If I bind all my dag node before submitting my script to Ray, why would I see new task getting added after ~100 tasks finish?
Can you share a script that represents the scenario? I don’t think I understood the question.
It is a bit difficult to share a minimal reproducible script - I will still give it a try but lemme describe what I am seeing in detail first.

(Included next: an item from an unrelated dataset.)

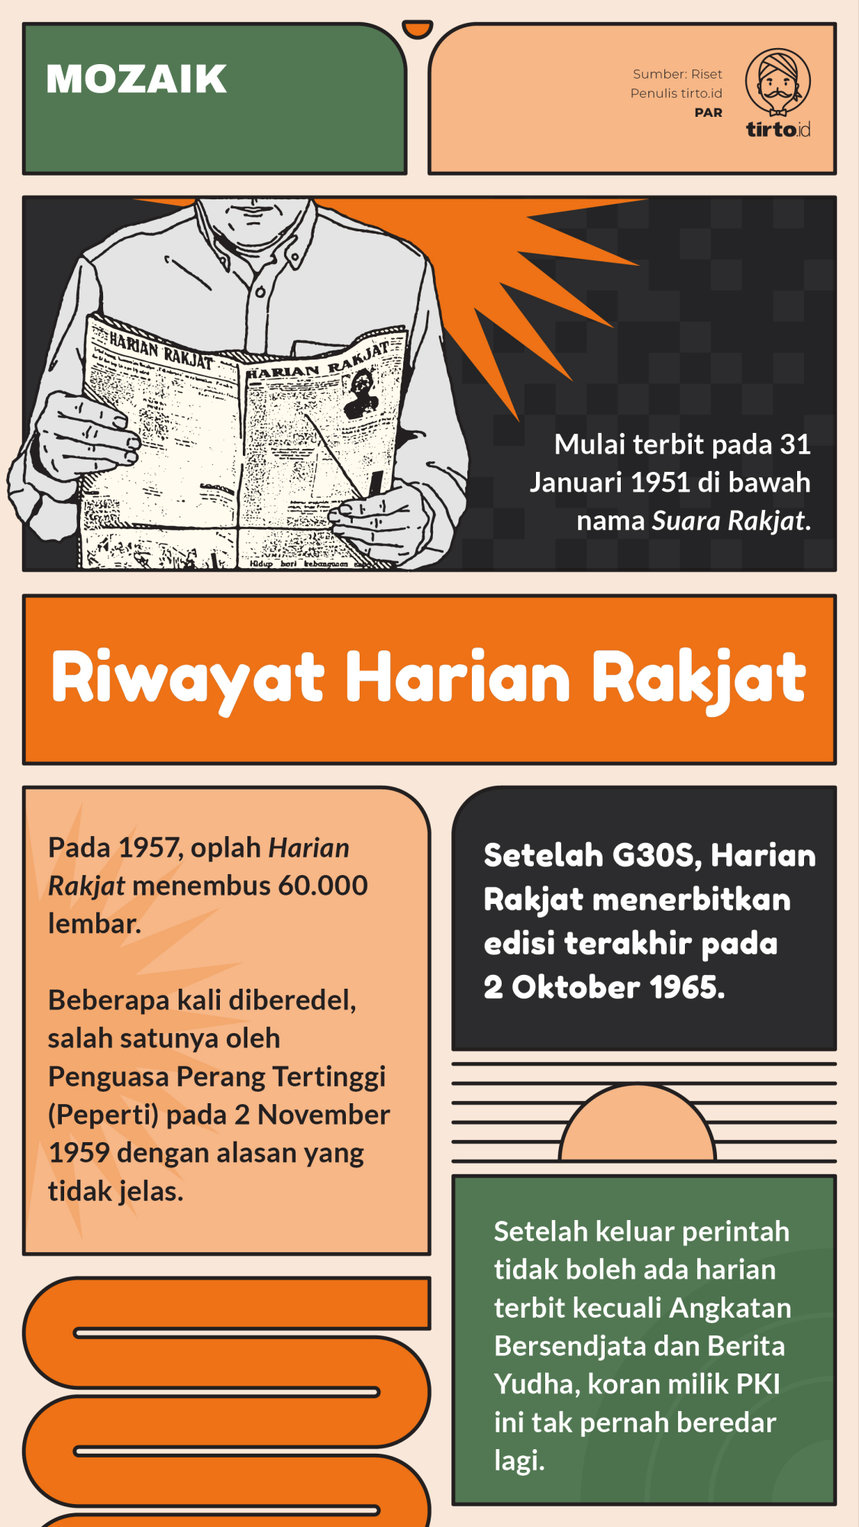 Infografik Mozaik Riwayat Harian Rakjat

Say I have a DAG, which has 167 tasks in total. When submitting to Ray, what I find is e.g. 130 tasks are shown in the dashboard (these 130 finish really fast). Then, I am starting to see the job in a “stuck” stage, after a while, the 131st task will appear and gets run. Eventually after a long time, all 167 tasks will finish but this looks off.
Ray 2.6.1
Python 3.10.12
A somewhat related q:
If I run:
import ray
@ray.remote
def calc1(x,y):
return x+y
@ray.remote
def calc2(x):
return x+1
dts = range(100)
outputs = {}
for _dt in dts:
outputs[_dt] = calc2.bind(calc1.bind(1,2))
@ray.remote
def join_for_dag(*args):
return
tasks = [out for out in outputs.values()]
final = join_for_dag.bind(tasks)
print(ray.get(final.execute()))
Why would I see the job marked as SUCCEEDED on the dashboard but with 190 tasks out of 201 actually failed?
re: the original question, I find my job runs perfectly after I switch from .bind to .remote. Might be a bug in ray dag.
Let me try repro next week!